I'm so lost on this equation, please help.

[Scotty_Smith]

I'm taking a college course where the instructor doesn't teach anything. It's not an online course, but we do all the learning online. We had a test last week and I did pretty bad, the problems that are giving me the most trouble are:

Solve the equation and check for extraneous solutions.
(9/(x+2)) -3=((x+11)/(x+2))

she crossed out all of my work and wrote the answer as: x=6

the second problem is:

Solve the equation and check for extraneous solutions.
((x^2-20)/(x^2-7x+12))=(3/(x-3))+(5/(x-4))

for this one, the answer was: x=1,7

I've been trying to solve these since Thursday and I'm not getting any where. Thank you for any help!

 

[DrPhil]

Solve the equation and check for extraneous solutions.
(9/(x+2)) -3=((x+11)/(x+2))

she crossed out all of my work and wrote the answer as: x=6

the second problem is:

Solve the equation and check for extraneous solutions.
((x^2-20)/(x^2-7x+12))=(3/(x-3))+(5/(x-4))
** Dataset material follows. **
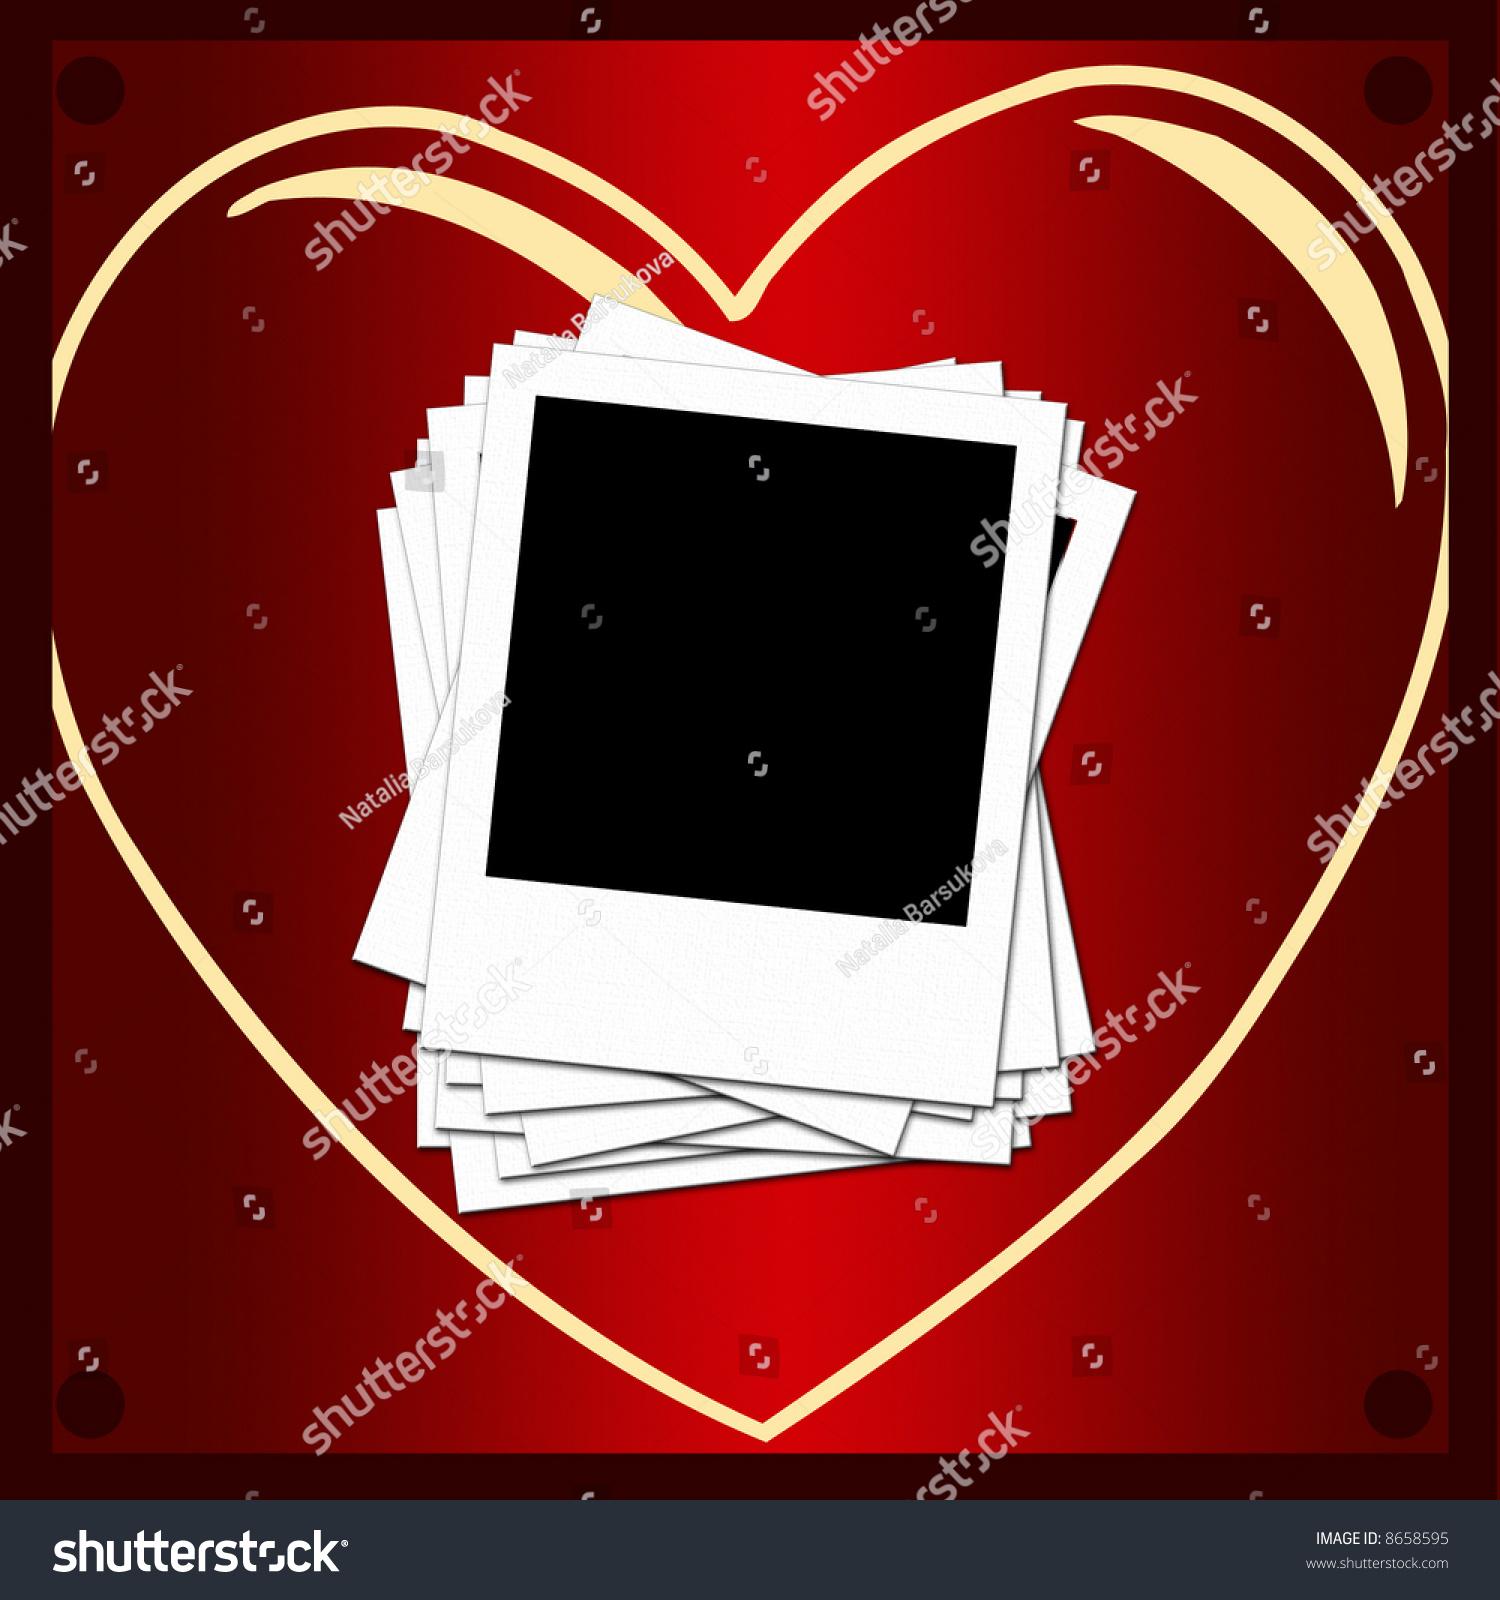 Blank Photo Frames Romantic Background Stock Illustration 8658595 ...

for this one, the answer was: x=1,7

Show us your work so we can see where you are getting stuck.

When dealing with rational equations, you can generally say that the denominator tells you what values are NOT allowed, and the numerator tells you where the solutions are.

Problem 1, first thing to note is that x may not be -2, because (x+2) occurs in denominators. Then you may multiply all terms in the equation by (x+2):
9 - 3(x + 2) = x + 11
. . .

For the 2nd problem, the LCD is (x-3)(x-4), so values x=3 or x=4 are not allowed. Can you place all terms over the LCD, and then solve the quadratic equation in the numerator?

 

[Scotty_Smith]

I know the answer isn't x=6 Dennis. That's why I'm confused and that's why I'm here. Everything in my post is accurate to what is on my paper.

So far what I keep doing is multiplying the equation by x+2 so that I can get rid of fractions. so the equation becomes:
9-3(x+2)=x+11.
Distribute:
9-3x-6=x+11
combine like terms
3-3x=x+11
x on one side
-4x=8
divide
x=-2

But when I plug that into the original problem it doesn't work. I end up with
(9/0)-3=(9/0)

 

[JeffM]

I'm taking a college course where the instructor doesn't teach anything. It's not an online course, but we do all the learning online. We had a test last week and I did pretty bad, the problems that are giving me the most trouble are:

Solve the equation and check for extraneous solutions. There is something very odd about this problem. Extraneous solutions? There is no solution to the equation you show below, namely

\(\displaystyle x \ne - 2\ and\ \dfrac{9}{x + 2} - 3 = \dfrac{x + 11}{x + 2} \implies 9 - 3(x + 2) = x + 11 \implies 9 - 6 - 11 = x + 3x \implies x = - \dfrac{8}{4} = - 2.\) Contradiction.

(9/(x+2)) -3=((x+11)/(x+2)) Was this the original problem?

she crossed out all of my work and wrote the answer as: x=6

the second problem is:

Solve the equation and check for extraneous solutions.
((x^2-20)/(x^2-7x+12))=(3/(x-3))+(5/(x-4))

for this one, the answer was: x=1,7 This is the correct answer as you can tell by inserting the values of 1 and 7 into the equation. Please show your work so we can see where you have gone astray.

I've been trying to solve these since Thursday and I'm not getting any where. Thank you for any help!

.

 

[Scotty_Smith]

Yes, the first one is the original problem. I was able to complete the second one by multiplying the LCD and solving normally getting x^2-8x+7=0 factoring that into (x-7)(x-1)=0. x=7, x=1.
Every one I ask tells me the same thing; there's no solution for the 1st equation. I'll just have to ask my instructor to prove her answer on Wednesday. >_>
Thanks for all of your answers on this question.